* Assignment
Tally every line of the records below that includes "CAMRY", and reply with the total alone.

* Supplied material

──────────────────────────────

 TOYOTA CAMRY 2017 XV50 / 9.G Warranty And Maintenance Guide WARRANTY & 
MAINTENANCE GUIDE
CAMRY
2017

──────────────────────────────

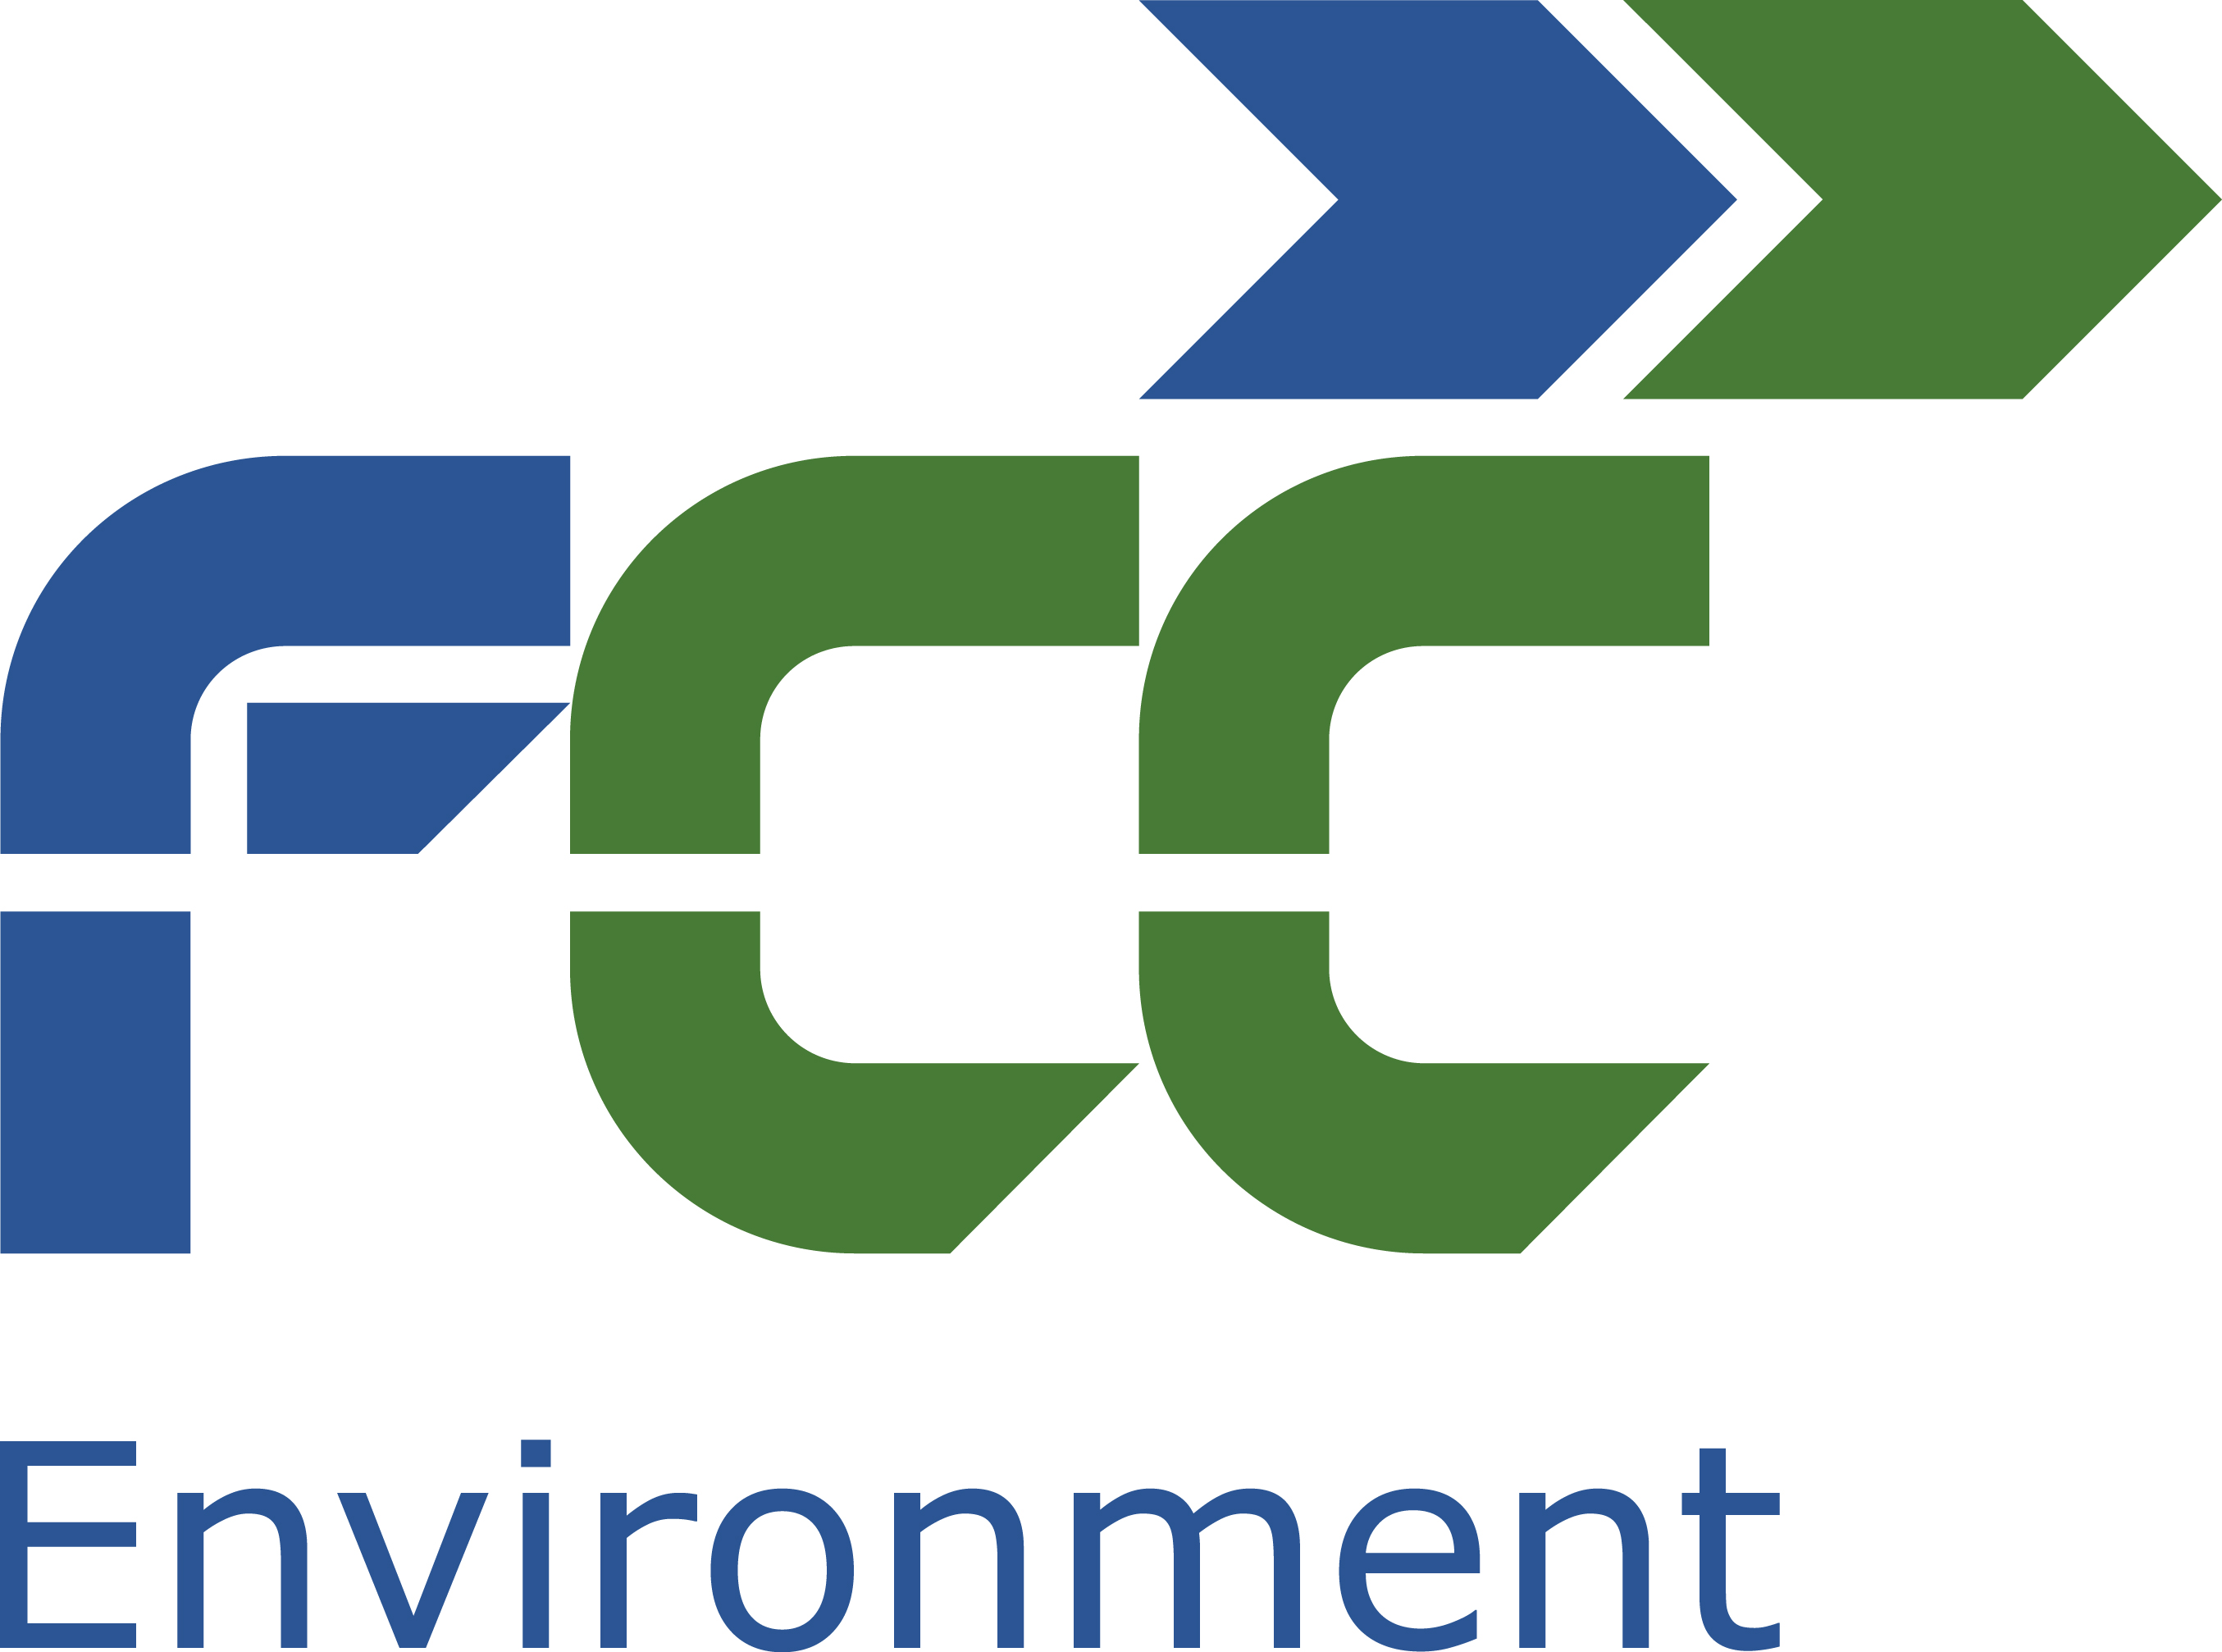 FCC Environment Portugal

──────────────────────────────

* Solution to this problem
2